Namespace Lucene.Net.Analysis.De

Analyzer for German.

Classes

GermanAnalyzer

Lucene.Net.Analysis.Analyzer for German language.

Supports an external list of stopwords (words that will not be indexed at all) and an external list of exclusions (word that will not be stemmed, but indexed). A default set of stopwords is used unless an alternative list is specified, but the exclusion list is empty by default.

You must specify the required Lucene.Net.Util.LuceneVersion compatibility when creating GermanAnalyzer:

NOTE: This class uses the same Lucene.Net.Util.LuceneVersion dependent settings as StandardAnalyzer.

GermanLightStemFilter

A Lucene.Net.Analysis.TokenFilter that applies GermanLightStemmer to stem German words.

To prevent terms from being stemmed use an instance of SetKeywordMarkerFilter or a custom Lucene.Net.Analysis.TokenFilter that sets the Lucene.Net.Analysis.TokenAttributes.KeywordAttribute before this Lucene.Net.Analysis.TokenStream.

GermanLightStemFilterFactory

Factory for GermanLightStemFilter.

<fieldType name="text_delgtstem" class="solr.TextField" positionIncrementGap="100">
  <analyzer>
    <tokenizer class="solr.StandardTokenizerFactory"/>
    <filter class="solr.LowerCaseFilterFactory"/>
    <filter class="solr.GermanLightStemFilterFactory"/>
  </analyzer>
</fieldType>

GermanLightStemmer

Light Stemmer for German.

This stemmer implements the "UniNE" algorithm in: Light Stemming Approaches for the French, Portuguese, German and Hungarian Languages Jacques Savoy

GermanMinimalStemFilter

A Lucene.Net.Analysis.TokenFilter that applies GermanMinimalStemmer to stem German words.

GermanMinimalStemFilterFactory

Factory for GermanMinimalStemFilter.

<fieldType name="text_deminstem" class="solr.TextField" positionIncrementGap="100">
  <analyzer>
    <tokenizer class="solr.StandardTokenizerFactory"/>
    <filter class="solr.LowerCaseFilterFactory"/>
    <filter class="solr.GermanMinimalStemFilterFactory"/>
  </analyzer>
</fieldType>

GermanMinimalStemmer

Minimal Stemmer for German.

This stemmer implements the following algorithm: Morphologie et recherche d'information Jacques Savoy.

GermanNormalizationFilter

Normalizes German characters according to the heuristics of the http://snowball.tartarus.org/algorithms/german2/stemmer.html German2 snowball algorithm. It allows for the fact that ä, ö and ü are sometimes written as ae, oe and ue.

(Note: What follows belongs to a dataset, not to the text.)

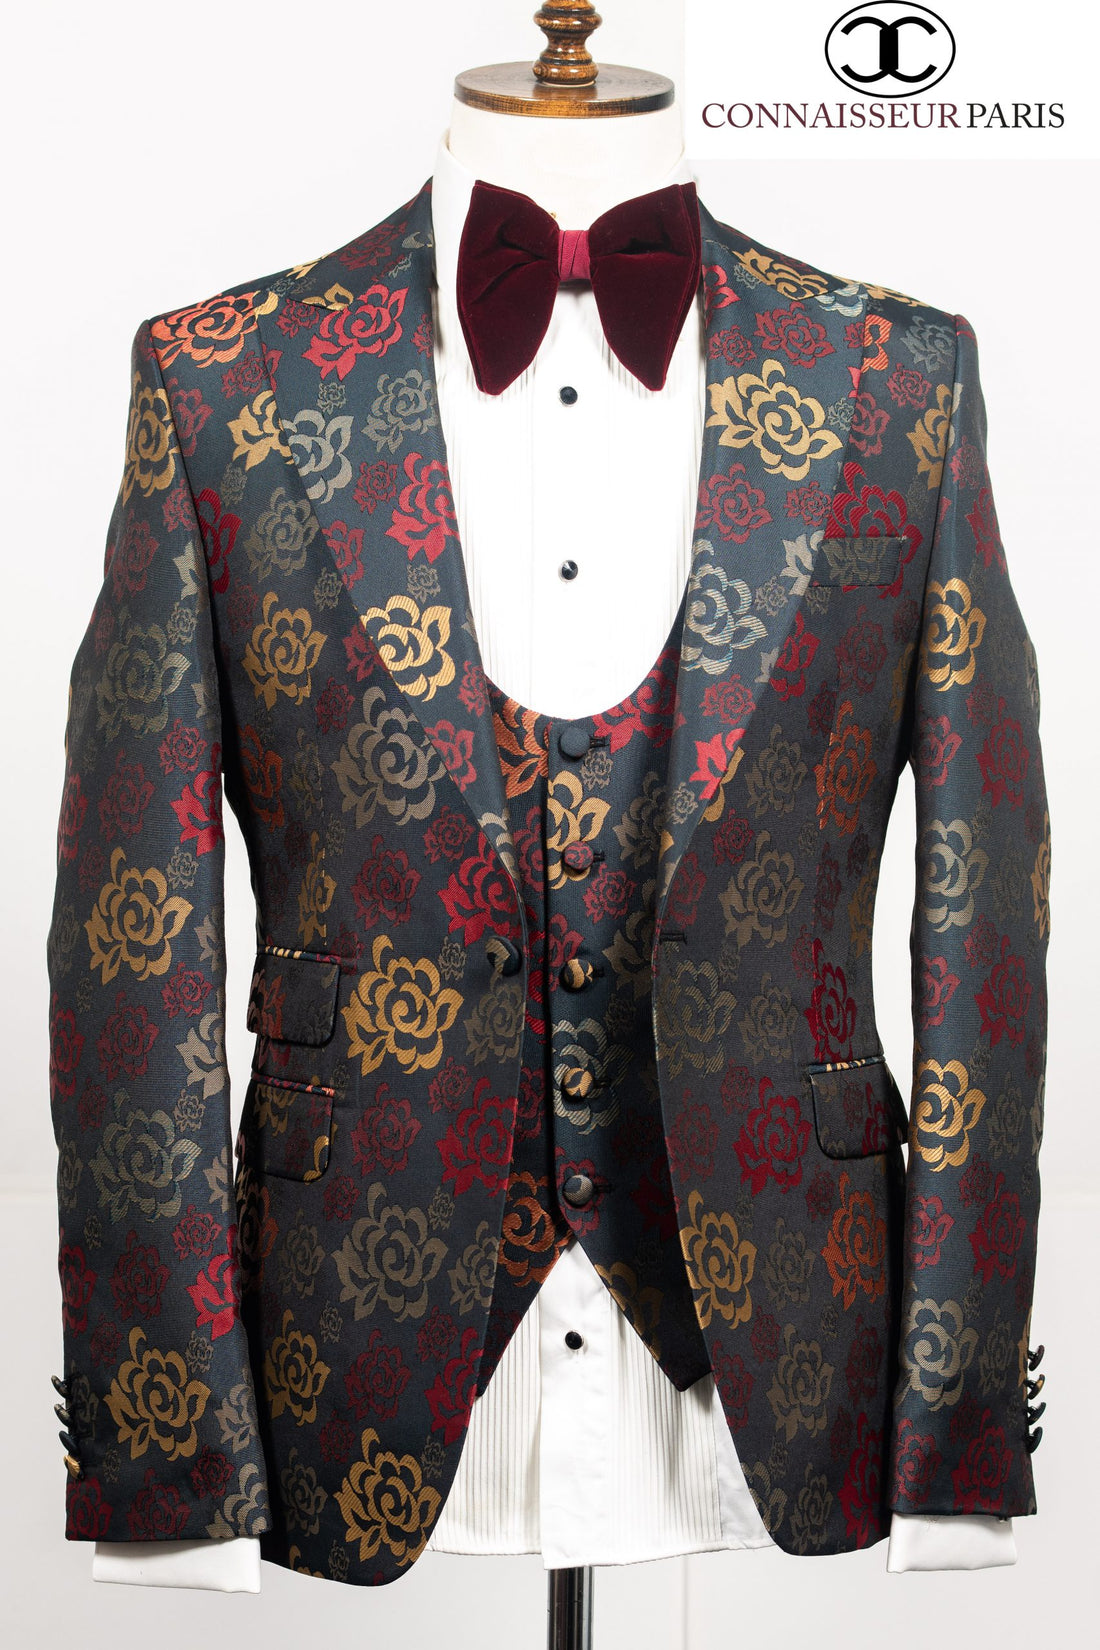 Connaisseur - Multi Color floral pattern 3-piece peaked lapel slim fit blazer with U vest

This is useful if you want this normalization without using the German2 stemmer, or perhaps no stemming at all.

GermanNormalizationFilterFactory

Factory for GermanNormalizationFilter.

<fieldType name="text_denorm" class="solr.TextField" positionIncrementGap="100">
  <analyzer>
    <tokenizer class="solr.StandardTokenizerFactory"/>
    <filter class="solr.LowerCaseFilterFactory"/>
    <filter class="solr.GermanNormalizationFilterFactory"/>
  </analyzer>
</fieldType>

GermanStemFilter

A Lucene.Net.Analysis.TokenFilter that stems German words.

It supports a table of words that should not be stemmed at all. The stemmer used can be changed at runtime after the filter object is created (as long as it is a GermanStemmer).

GermanStemFilterFactory

Factory for GermanStemFilter.

<fieldType name="text_destem" class="solr.TextField" positionIncrementGap="100">
  <analyzer>
    <tokenizer class="solr.StandardTokenizerFactory"/>
    <filter class="solr.LowerCaseFilterFactory"/>
    <filter class="solr.GermanStemFilterFactory"/>
  </analyzer>
</fieldType>

GermanStemmer

A stemmer for German words.

The algorithm is based on the report "A Fast and Simple Stemming Algorithm for German Words" by Jörg Caumanns (joerg.caumanns at isst.fhg.de).